Innate Immunity in Influenza Virus Infection of Mammalian Airways
Emerging influenza A virus (FLUAV) infections pose a considerable health threat to mankind. The molecular determinants governing increased virulence of emerging virus strains in humans are presently not well understood. FLUINNATE proposes to identify and study the essential viral and host factors that determine the outcome of infection. FLUAV enters the human respiratory tract and must replicate in the face of multiple innate immune defence mechanisms to establish infection in vivo.
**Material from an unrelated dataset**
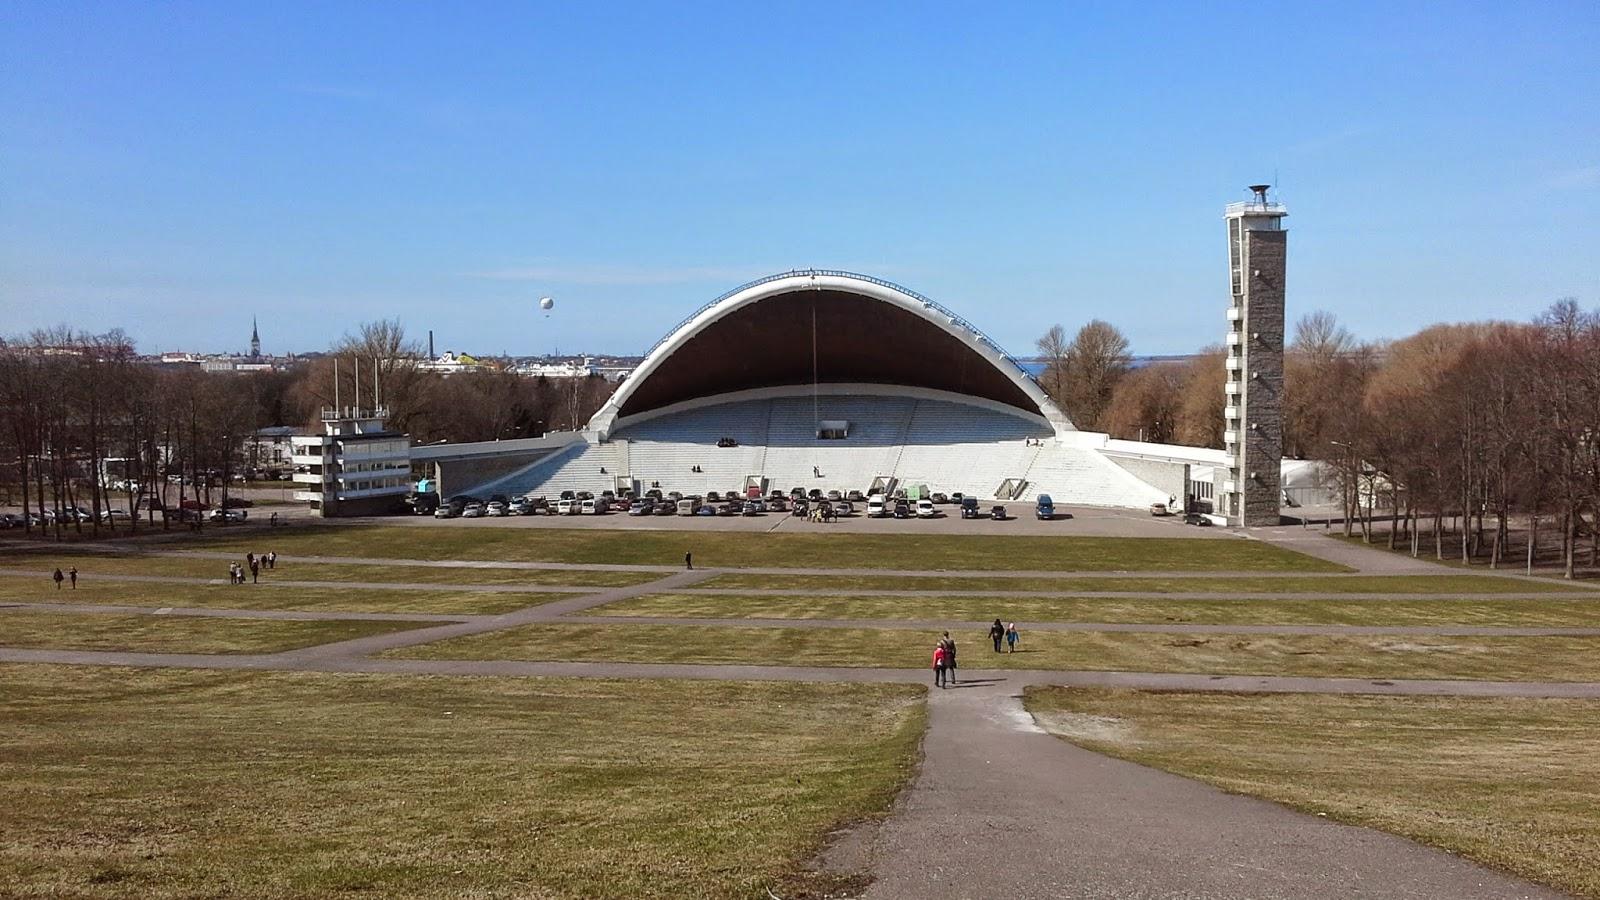 Song Festival Grounds in Tallinn - photo Robert Hugill

Successful viruses must adapt to intrinsic cellular restriction factors and evolve the capacity of circumventing the antiviral interferon (IFN) response, either by limiting IFN production or by blocking IFN actions. We will test the hypothesis that the speed and efficiency by which a given virus circumvents these early host responses are critical determinants in its host range and pathogenicity. In this respect, the crucial role of the virus polymerase and its cellular interactors will be analysed. Likewise, the importance of the IFN-inducible Mx GTPase as a major anti-FLUAV effector molecule will be evaluated.
Virus-induced inflammatory cytokines and chemokines exert powerful effects against FLUAV in lung epithelial cells. However, they may be detrimental to the host, causing accelerated influenza pathogenesis in the human respiratory tract. We will analyse viral factors governing the innate antiviral cytokine response and determine the impact of these factors on virus growth, cell survival and pathogenicity. Human, avian and porcine FLUAV will be used in animal models and in cell culture systems, such as human airway epithelium. The present studies should generate important information that will help to better understand the processes involved in the emergence of lethal influenza viruses and to develop efficient control measures against these devastating pathogens.[+] Read More
Influenza is a highly contagious, acute respiratory illness that is still a major health problem. Epidemics caused by influenza A viruses occur regularly, often leading to excess mortality in susceptible populations. In addition, influenza A viruses can cause devastating pandemics in humans. An avian influenza A virus originating from Asia and currently circulating among domestic birds in Europe and neighbouring countries makes headlines because of its potential to infect and kill people. If further adaptation to humans occurs, this virus strain might become the origin of a future pandemic.
Although influenza viruses belong to the best studied viruses, the host adaptation processes which enable influenza viruses to jump from one species to another are largely unknown. Likewise, the properties required for host-to-host transmission are presently not understood. Moreover, efficient control of influenza virus infections is still not possible. Immunisation regimes are continually being confronted with the extreme antigenic variability of influenza A viruses brought about by antigenic drift and shift. It is evident that new approaches and reagents to control influenza are urgently needed.
The FLUINNATE objectives focus on the identification of influenza A virus genes and gene products which contribute to virulence/pathogenicity in experimental animal and tissue culture models. The required animals are available and will consist of mice with the wild-type Mx1 gene as part of the full innate immune response, various strains with targeted mutations in specific genes and pigs as natural hosts and 'mixing vessels' for influenza A viruses. In addition, human airway and porcine epithelial cell cultures will be established and characterised. Human airway epithelial cell cultures are a rare but most precious substrate to study the biology of influenza virus infection.
The influenza viruses used will be human, avian and swine strains, some of which will be generated by reverse genetics entirely from plasmids. Stock viruses and single and multi-segment reassortants will be produced and fully characterised together with the parental strains with respect to growth kinetics in tissue culture and in vivo, the capacity to induce or respond to interferon, and the capacity to induce disease or death in experimental animals. The technology for expressing, purifying and analysing the viral RNA polymerase complex will be established and further refined, as well as biochemical and biophysical approaches to identify co-purifying host cellular factors. Advanced tests for protein-protein interactions such as the yeast three-hybrid system will be set up and candidate interactors evaluated in functional tests, based on transfection experiments. The real-time RT-PCR methodology will be optimised for the analysis of interferon and cytokine responses and gene array data will be generated.
It is expected that FLUINNATE will provide innovative vistas on the immunopathology of influenza infection as well as candidate new markers and possibly therapeutic agents. Using cutting-edge technology (such as reverse genetics systems) useful recombinant viruses will be produced and provided to the scientific community for research purposes. Results on antiviral host restriction factors and viral virulence determinants will be of great interest to epidemiologists and healthcare authorities and may have an impact on future pandemic planning.